**Exercise goal:**
Return the listing verbatim, images left out.

**Data below:**
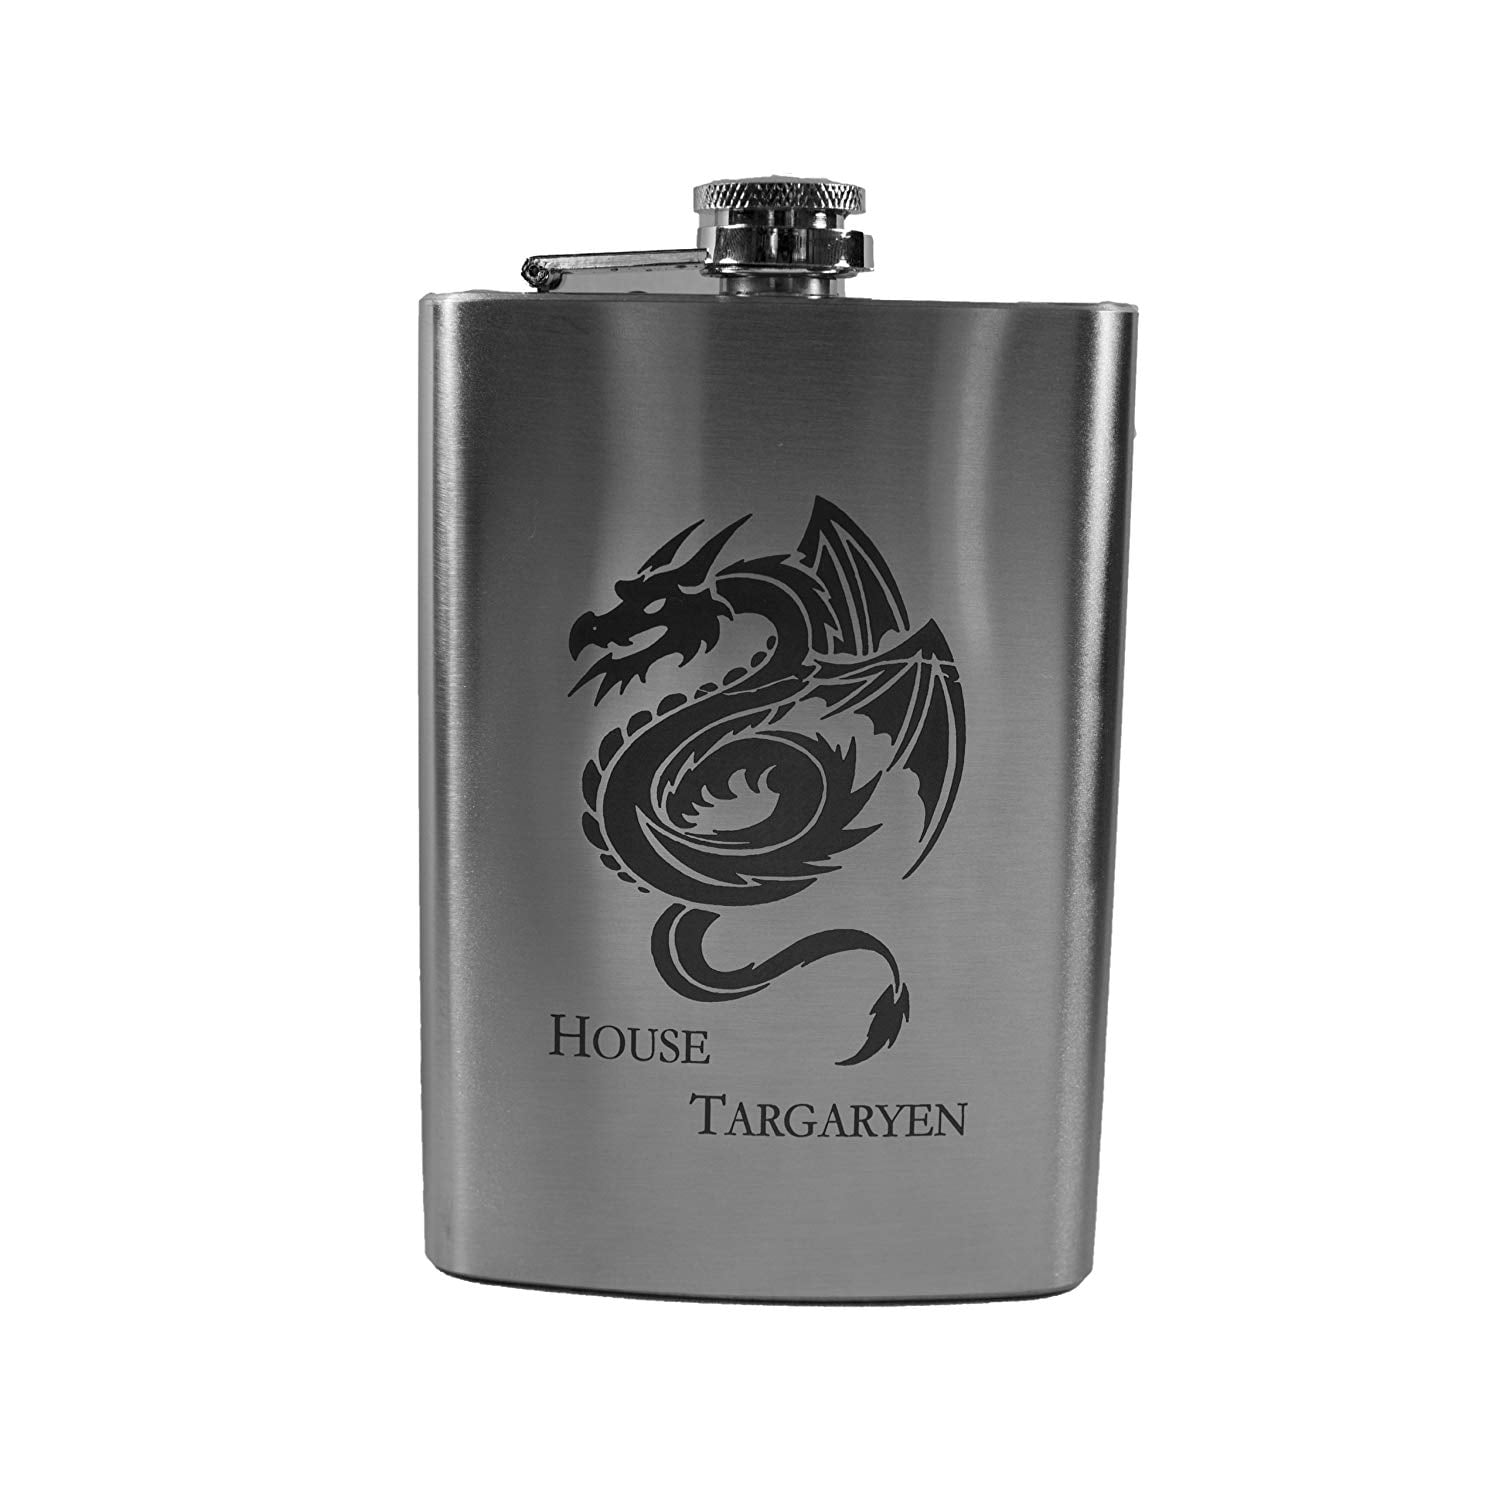 5 Oz Flask Inspired By Game Of Thrones House Of Stark Direwolf Winter Is Coming 
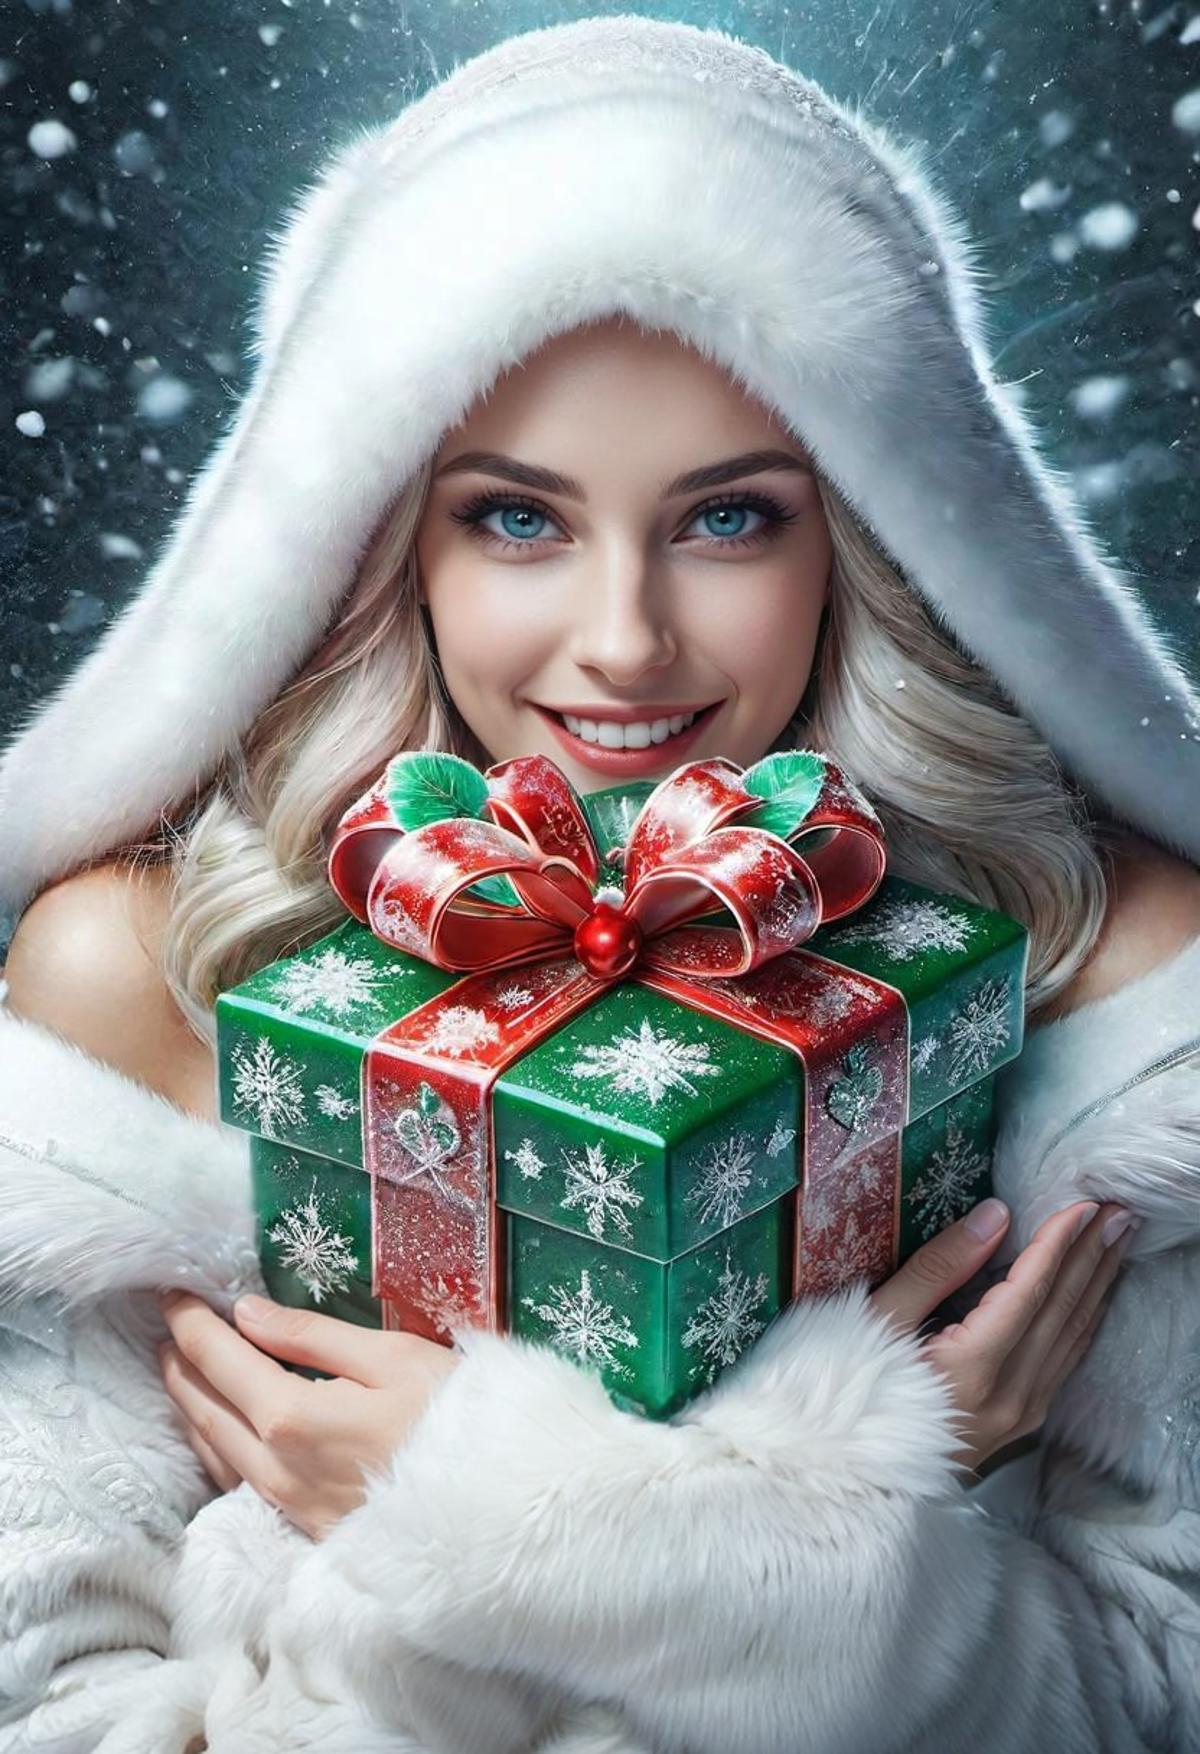 A beautiful white-haired woman with blue eyes is holding a brightly colored Christmas gift.
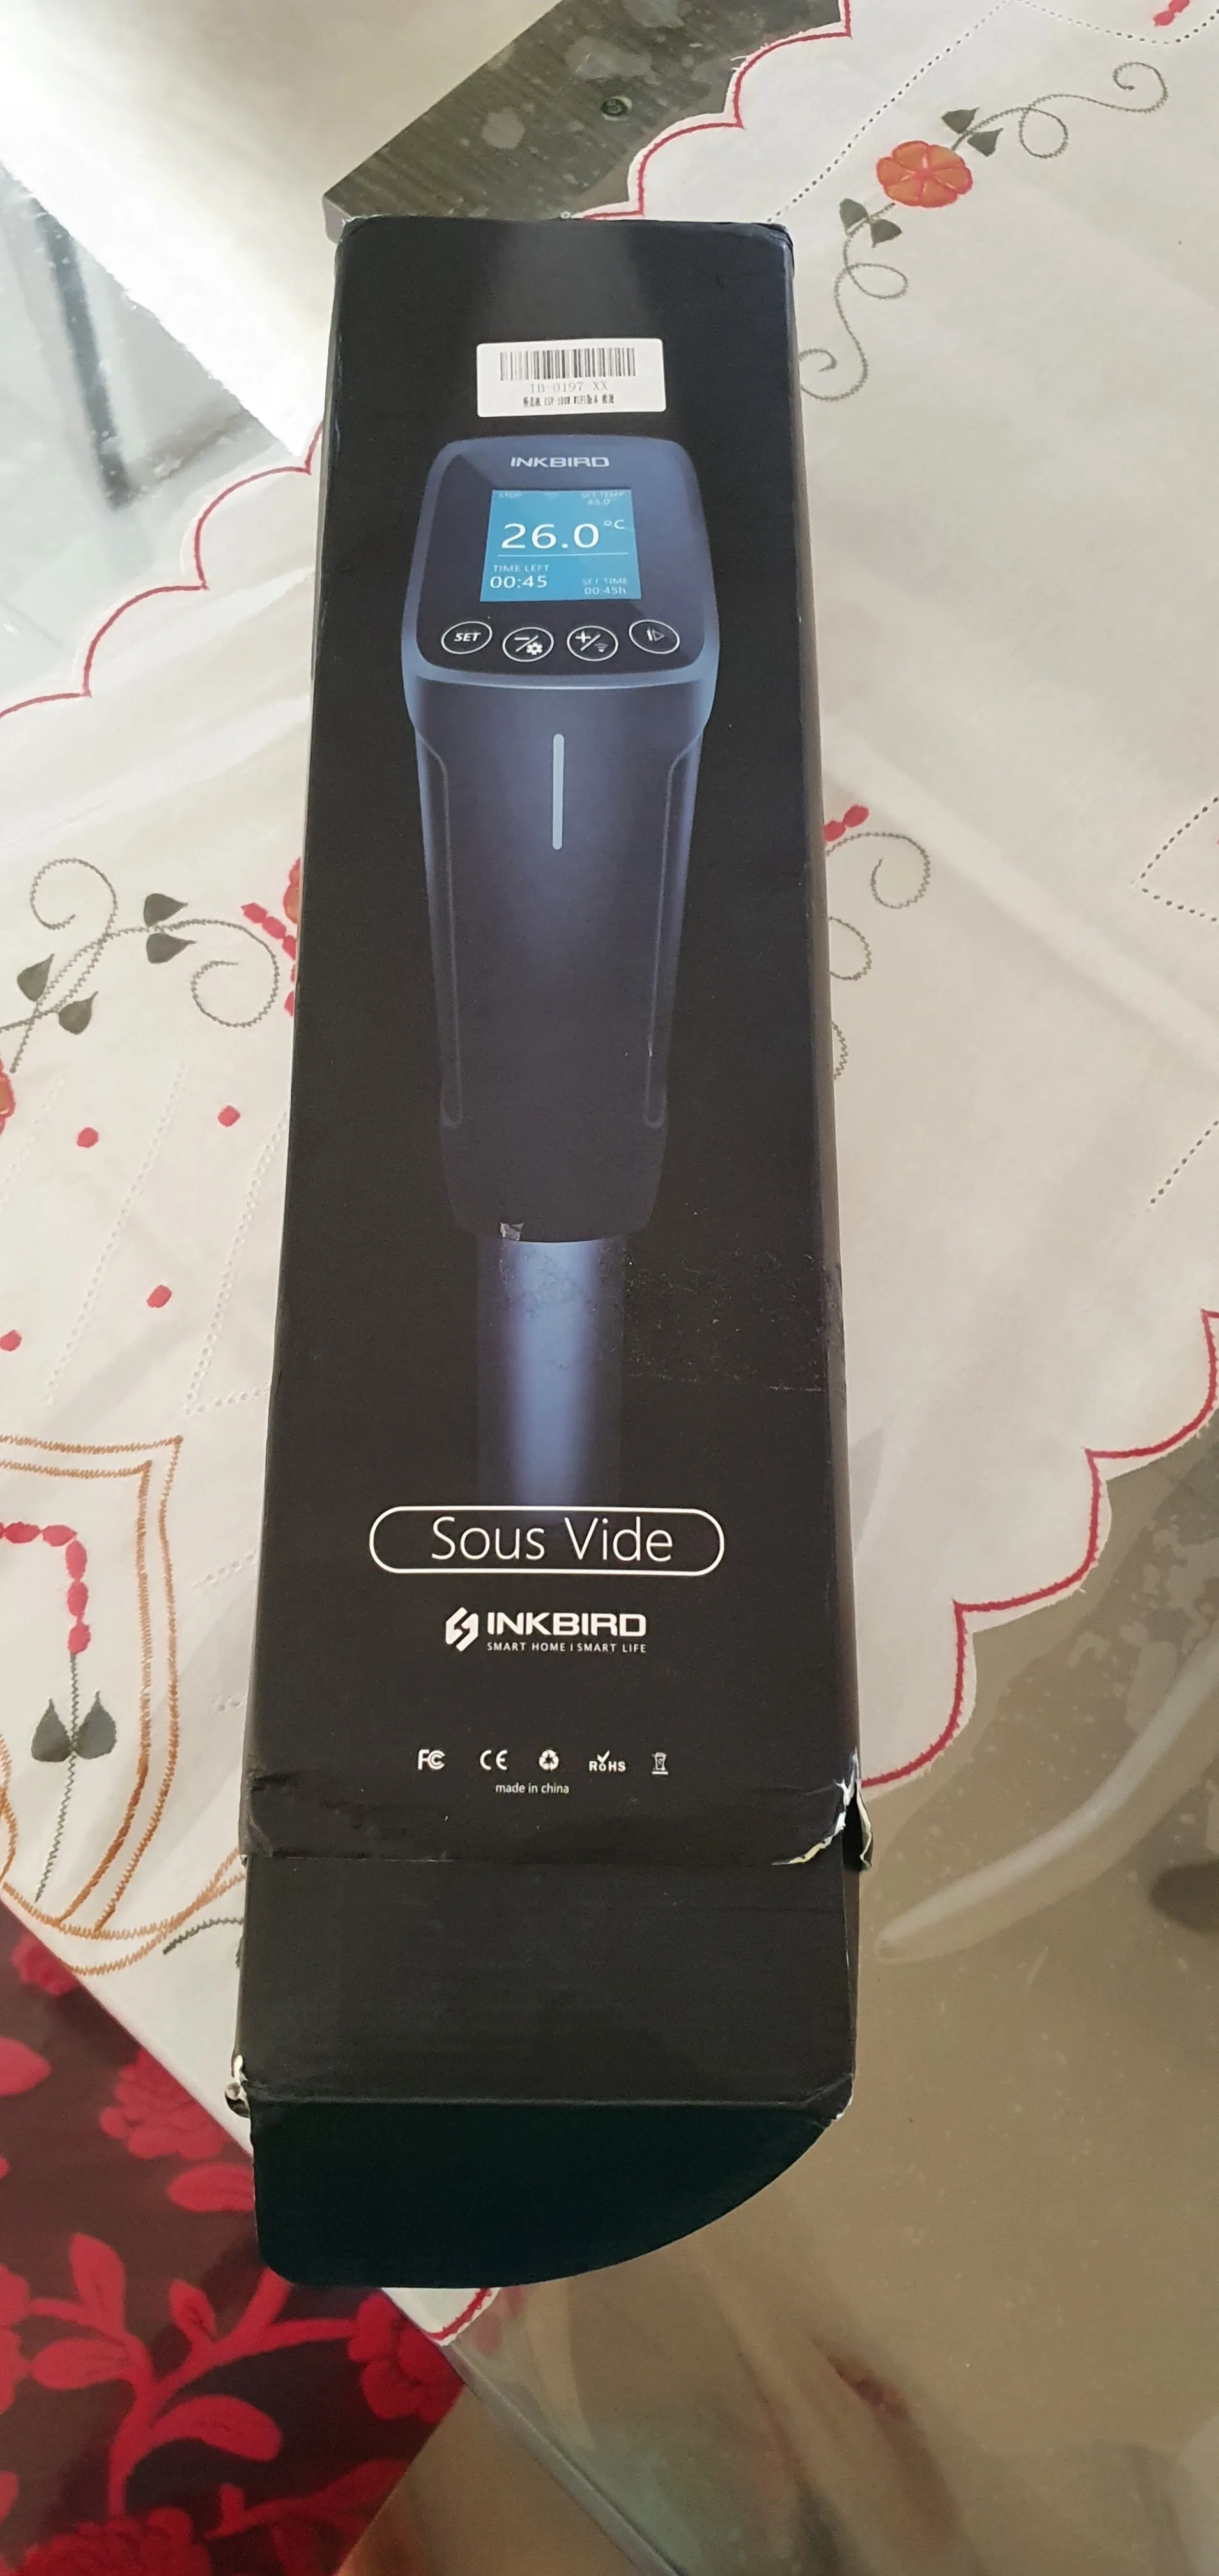 Inkbird Sous Vide WI-FI Culinary Cooker 1000W Precise Temperature photo review

**Solution to this problem:**
 5 Oz Flask Inspired By Game Of Thrones House Of Stark Direwolf Winter Is Coming 
 A beautiful white-haired woman with blue eyes is holding a brightly colored Christmas gift.
 Inkbird Sous Vide WI-FI Culinary Cooker 1000W Precise Temperature photo review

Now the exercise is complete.